Thursday 25 March 2021

The twitch of a lemming’s nose

The twitch of a lemming’s nose

the Travelling Stories project
Buxton Museum and Art Gallery







There is a large vase, round as a fruit, rich as a treasure with an eagle lifting her wings across its flanks, a beak open to snap at reckless folk trying to pick from whatever delights are held in that round belly. Made by William de Morgan, the vase has gone from the Derbyshire School Loans Service to the de Morgan Collection in Barnsley. For the Travelling Stories project, writer and artist Rob Young has been investigating the vase at a distance….


“I came to the project as an audience member, without any preconception. I asked the questions an eight-year-old boy would ask. Why is this interesting? What bits are boring? What bits are good? Let’s hold it up to the light and see what shimmers. To my unexpected delight, I was completely and utterly charmed” Rob Young


Rob’s work always spirals outwards in unexpected directions. He has been making activity films, printing T-shirts, creating stories, making shadow puppets. For now, here is a flicker of an eagle shadow puppet. There is more, much more, to come but we are working closely with the de Morgan collection so that everything can be released as exciting activities to do when everything is ready. Keep an eye open for “how to make a shadow puppet” and “Rob Young writing workshop”


Some of us are looking further north…..


The artists working with material remaining in Buxton have been looking at carvings from the people’s of the Arctic. There are stone carvings and kayak models of delicate skin stretched over wooden rams. There are exquisite carved spoons from the Sami of Scandinavia and an antler etched with reindeer and cut short. A drumstick perhaps?



Here are some snippets, leaves from Ingrid Karlsson’s work blown in to tempt us with what will come as a whole


Image 1: the icecap is melting at an alarming and accelerating speed


Image 2: Sámi seasons: in the autumn, frost night arrive and the reindeer llok for ground lichen to eat. Bulls are rounded up for slaughter. 


Image 3: in reindeer herding, mobility is a key feature; old Arctic peoples represent cultures of large spaces where well-being equals not standing still, moving along the seasonal ebbs and flows of life





And I am sidetracking myself into shadows and the shapes of the sea people, shoals of fish moving under the ice, the stalk and strike of a polar bear, the owl's wing-tips that brush the snow like clouds. I have been resisting walruses and lemmings but I know the resistance is crumbling....

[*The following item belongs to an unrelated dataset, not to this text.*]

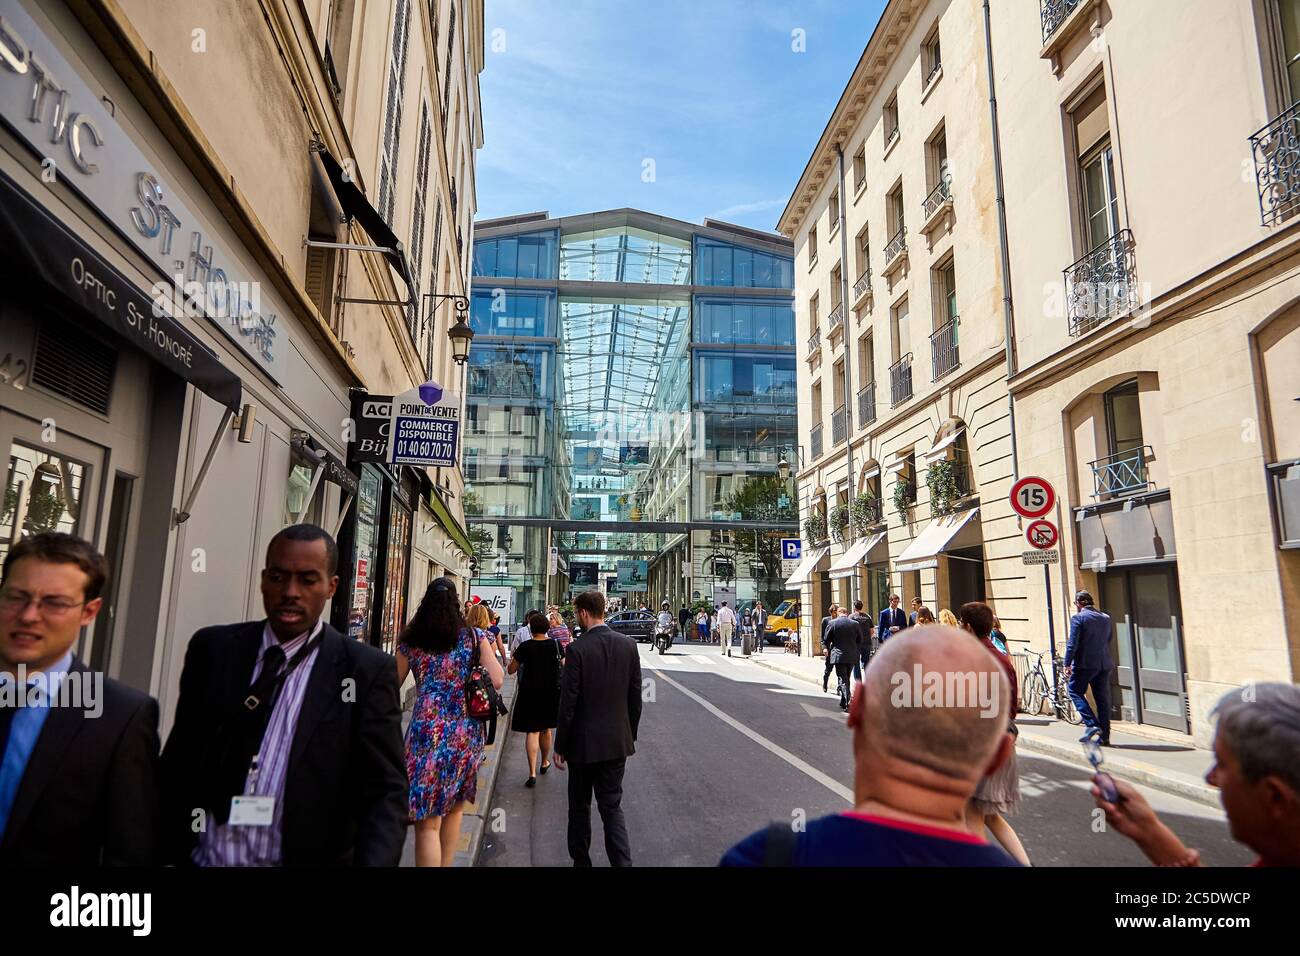 Paris, France - June 29, 2015: Rue du Marché Saint-Honoré. Passage des Jacobins. View of the glass facade of the building with many shops and offices. Stock Photo

Finished work from the project as a whole is coming in. A provocation has arrived from Australia; a thought, a dream and flowers from Cumbria. There is more work on its way and in April Buxton Museum will start exhibiting the finished pieces


We called this project “Travelling Stories” as this sense of objects that have been carrying stories around the world for years really appealed. The objects in the Schools Library Service brought the stories of their homelands to the people of Derbyshire, inviting visitors to investigate – or speculate – on the stories behind the artefacts. Now, those objects and their stories are moving on again. Some pieces are following long wandering trails back to where they came from. Others are moving on to new homes, taking their stories with them and hopefully sharing those stories in different ways with new people.










1 comment:

  1. looks like some very interesting work coming in, Gordon. Excited to be part of it!